How many residues were copied and their residue types are reported in the Log. Often thousands of water molecules, and ions, and crystallization adjuvants are found, and they can be hidden to get a better view of more interesting ligands (details...).

With combine true (default), the copied ligand, ion, and solvent residues are loaded as a single atomic model, in which the chain ID of a residue is generated from the PDB ID and chain ID of its source structure (e.g., 2cml_B). Pausing the cursor over a residue in the graphics window shows its name and chain ID in a pop-up balloon.
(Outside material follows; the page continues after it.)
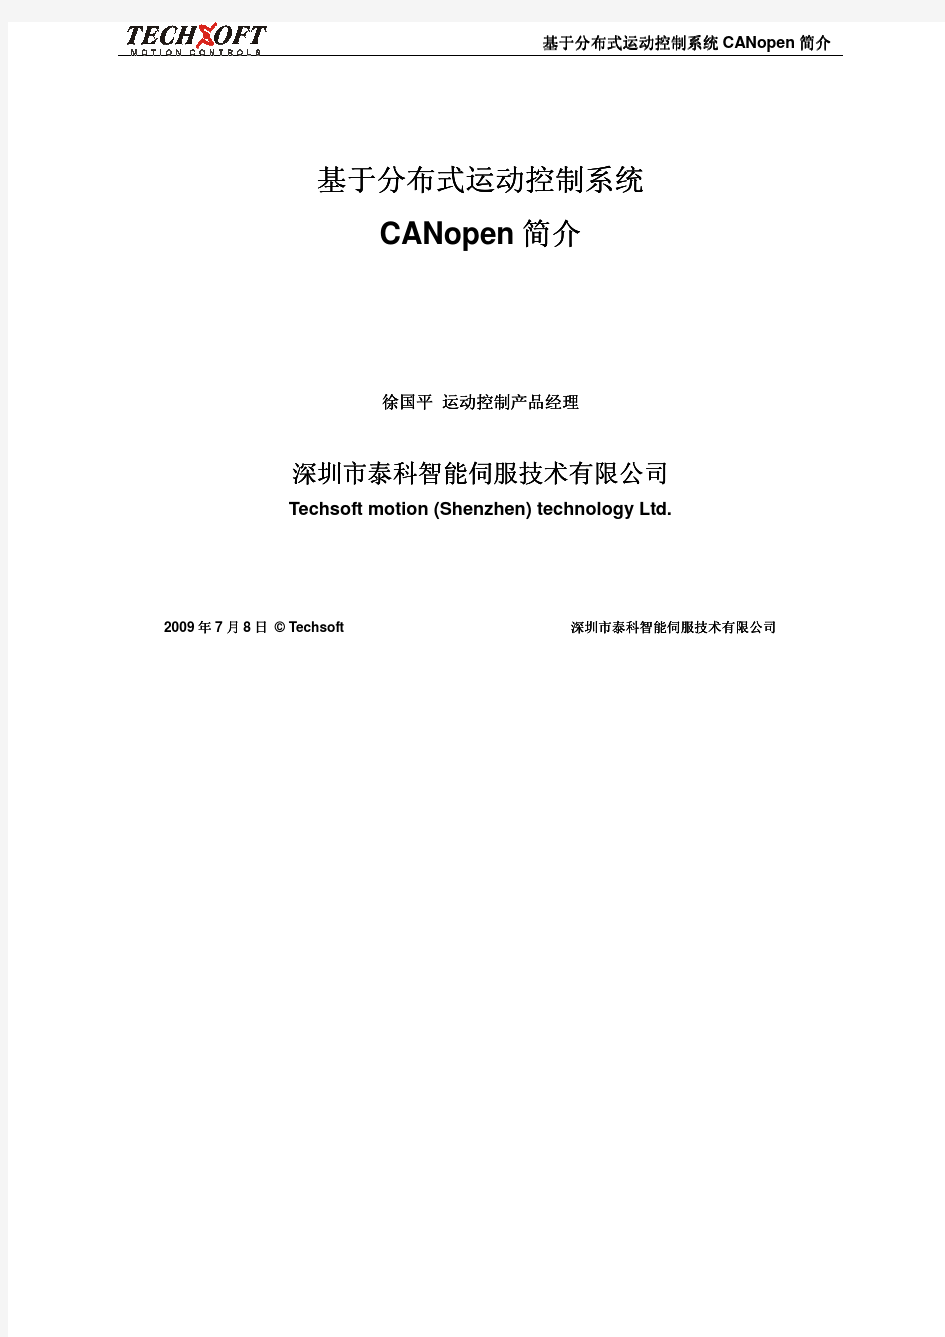 CANOPEN_DSP402运动控制简介

With combine false, a separate model is generated for each hit with mappable residues, containing the residues in their mapped positions with their original chain IDs.
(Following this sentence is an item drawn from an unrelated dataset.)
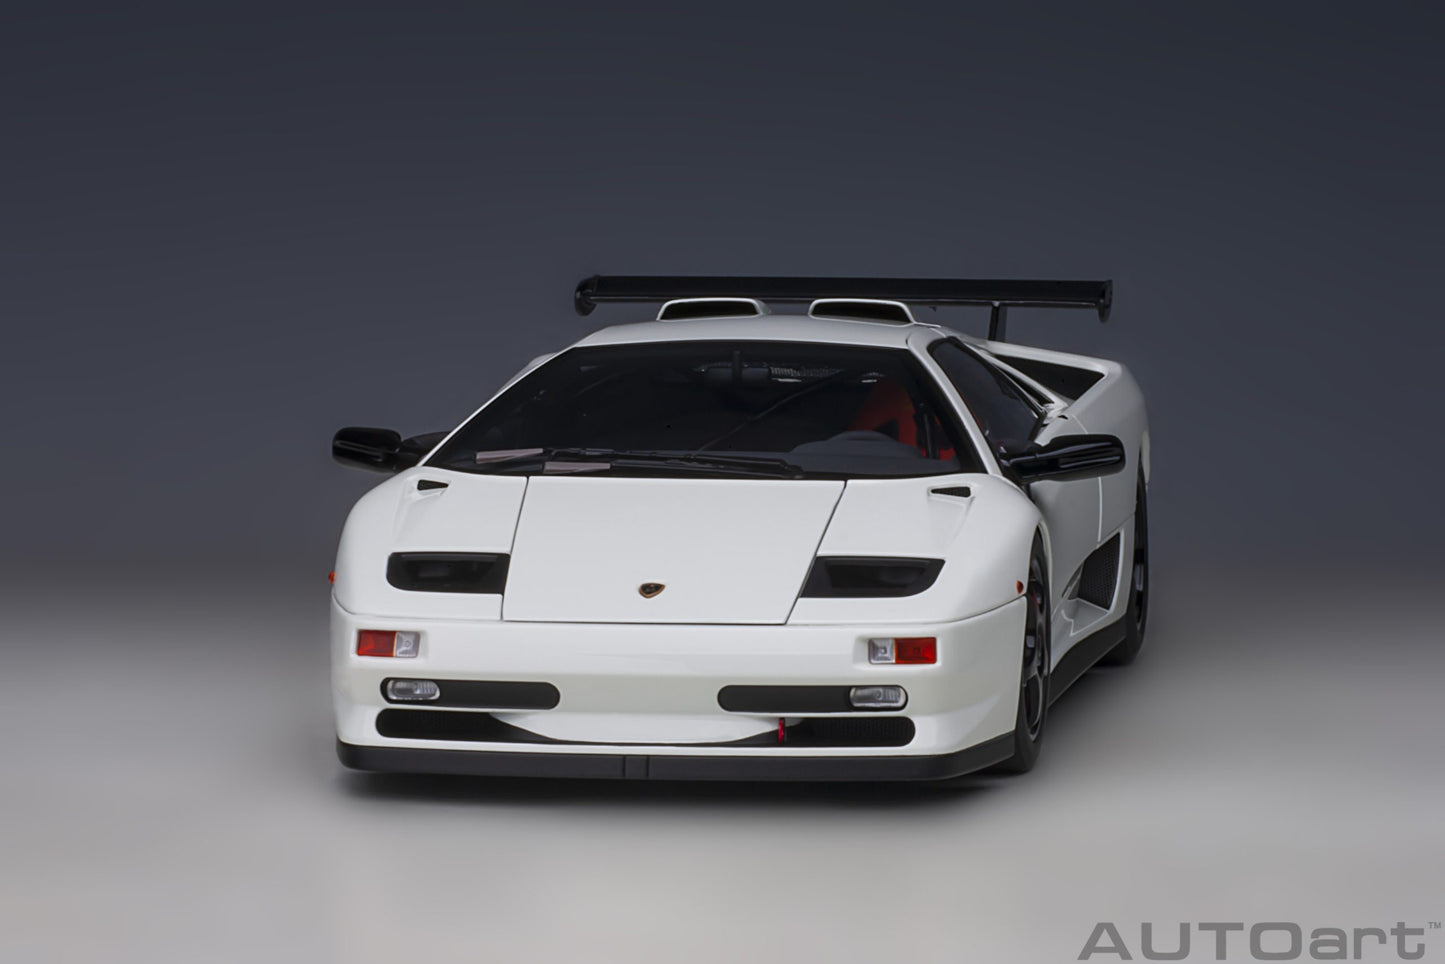 AUTOart 1:18 Lamborghini Diablo SV-R (Impact White) 79149

Similar Structures Utilities

similarstructures fetchcoordsfromSet  set-name ]
similarstructures scrollto  hit-ID  [ fromSet  set-name ]
Scroll to the row for a specified hit in the Similar Structures table and highlight that row.
similarstructures pairing  model-spec  [ fromSet  set-name ]
Draw pseudobonds between the paired α-carbons of the (previously opened) atomic model of the hit and the query structure.
similarstructures seqalign  model-spec  [ fromSet  set-name ]
Show the sequence alignment between the (previously opened) atomic model of the hit and the query structure in the Sequence Viewer.
similarstructures list
List the names of currently available sets of search results in the Log. The name is reported in the Log when the results are generated. Although only one set of results can be shown in the Similar Structures table at a time, additional sets may be open and available for analysis with similarstructures commands. However, the only way to get a set of results that is open but not shown in the table is to use the showTable false option of the search command.
similarstructures close  set-name
Close a specified set of results. The names of currently open sets of results can be listed in the Log with similarstructures list. Results are also closed when a new set of results replaces them in the Similar Structures table or when the tool is closed.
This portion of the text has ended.